Evaluation in Machine Learning 

Offline evaluation: offline evaluation is done to evaluate the performance of machine learning models. Offline metrics measure how close the predictions by the machine learning model on the evaluation dataset are to the graound truth dataset.
Online evaluation: online evaluation measures how the deployed model performs in production. Online evaluation metrics are typlically tied to to business objectives.

Offline evaluation metrics
Task	Offline metrics
Classification	Precision, recall, F1 score, accuracy
Regression	Mean squared error (MSE), root mean squared error (RMSE), MAE
Ranking	Precision@k, recall@k, mean average precision (mAP), normalized discounted cumulative gain(nDCG), mean reciprocal rank (MRR)
NLP	BLEU, ROUGE, METEOR, CIDEx, SPICE

Online evaluation metrics
Problem	Online metrics
Ad click prediction	Click-through rate, revenue lift.
Harmful content detection	Prevalence, valid appeals.
Video recommendation	Click-through rate, total watch time, number of completed videos.
Friend recommendation	Number of requests sent per day, number of requests accepted per day.

Precision 

In the context of binary classification (Yes/No), precision measures the model’s performance at classifying positive observations (i.e. “Yes”). In other words, when a positive value is predicted, how often is the prediction correct? We could game this metric by only returning positive for the single observation we are most confident in.

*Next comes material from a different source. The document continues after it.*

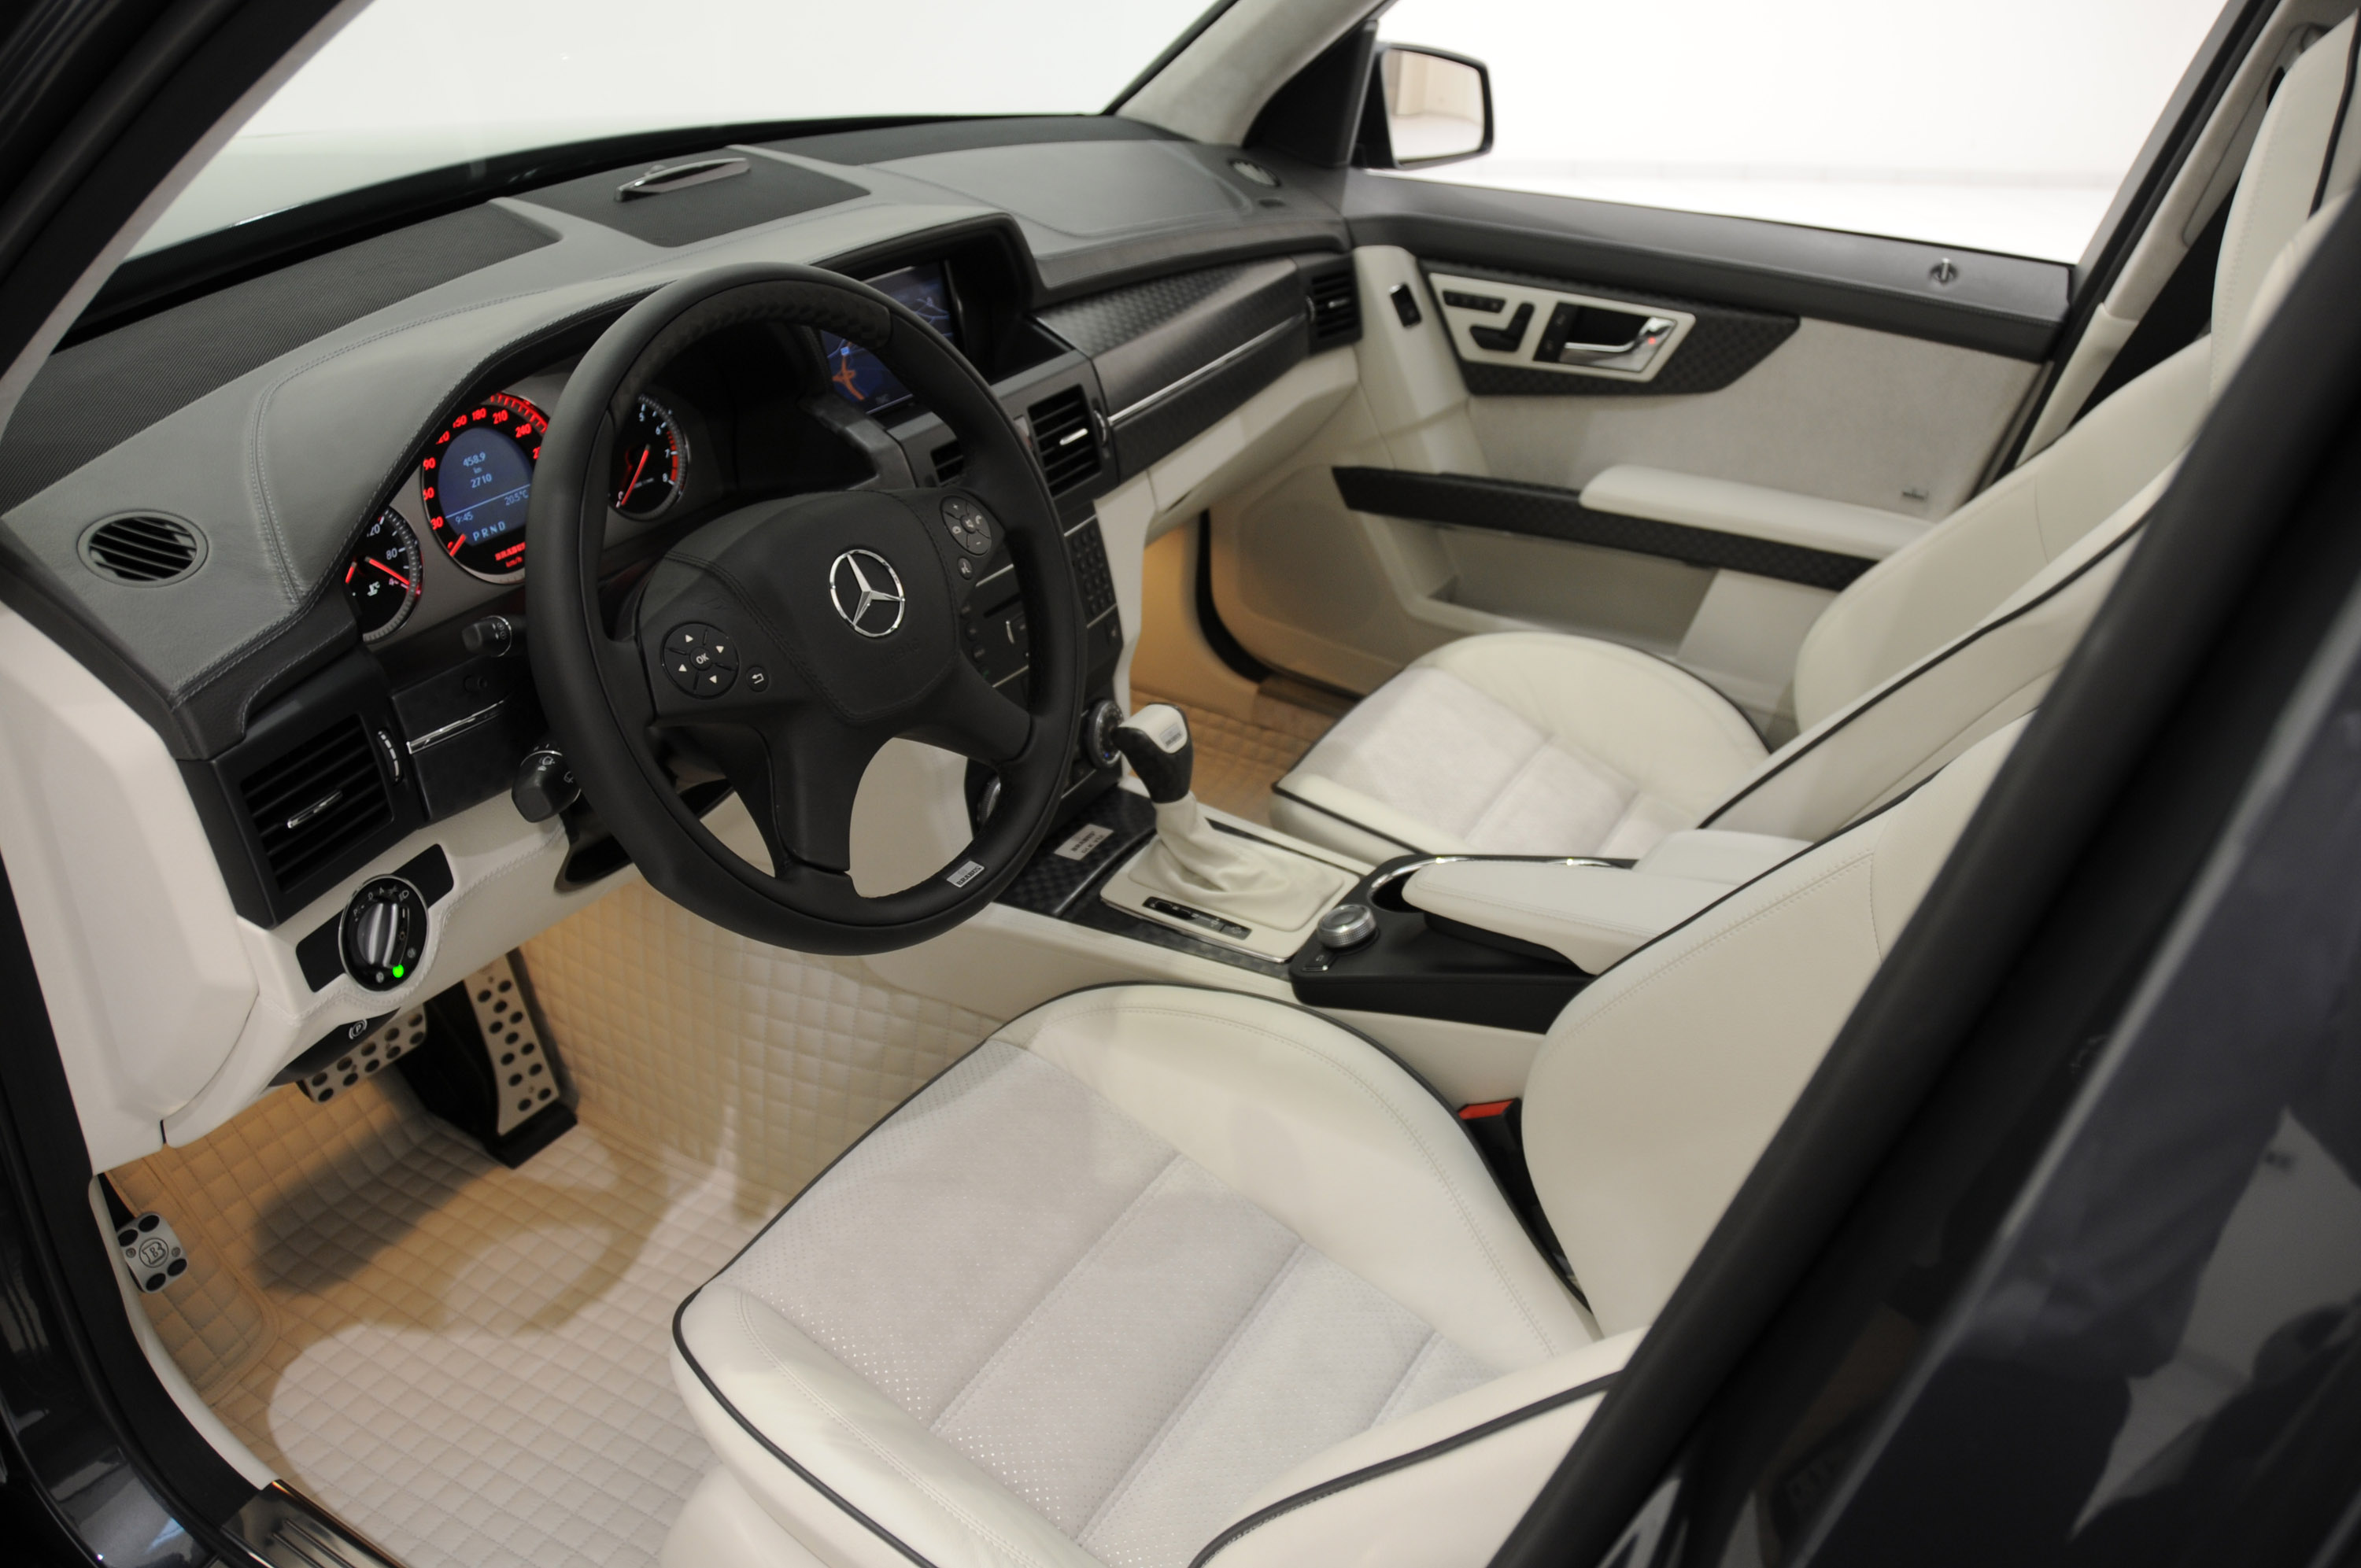 Brabus Mercedes-Benz GLK V12

\[P = \frac{True Positives}{True Positives + False Positives}\]

Recall 

Also called sensitivity. In the context of binary classification (Yes/No), recall measures how “sensitive” the classifier is at detecting positive instances. In other words, for all the true observations in our sample, how many did we “catch.” We could game this metric by always classifying observations as positive.

\[R = \frac{True Positives}{True Positives + False Negatives}\]

Recall vs Precision 

Say we are analyzing Brain scans and trying to predict whether a person has a tumor (True) or not (False). We feed it into our model and our model starts guessing.

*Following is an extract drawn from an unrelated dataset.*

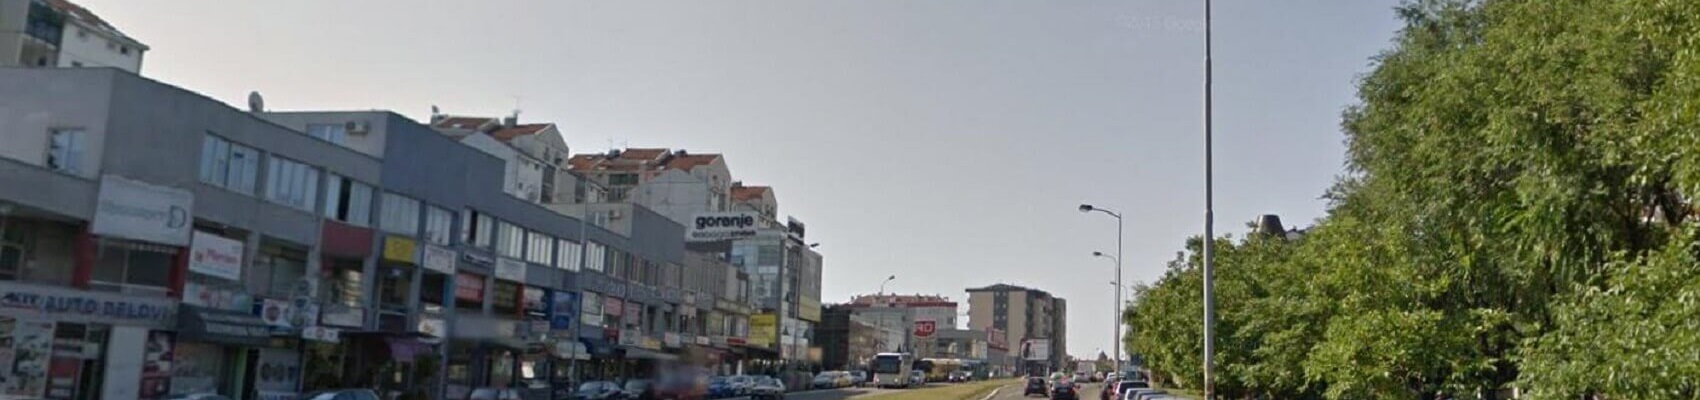 Rent a car Julino brdo, cars rental: Zim, Belgrade

Precision is the % of True guesses that were actually correct! If we guess 1 image is True out of 100 images and that image is actually True, then our precision is 100%! Our results aren’t helpful however because we missed 10 brain tumors! We were super precise when we tried, but we didn’t try hard enough.

Recall, or Sensitivity, provides another lens which with to view how good our model is. Again let’s say there are 100 images, 10 with brain tumors, and we correctly guessed 1 had a brain tumor. Precision is 100%, but recall is 10%. Perfect recall requires that we catch all 10 tumors!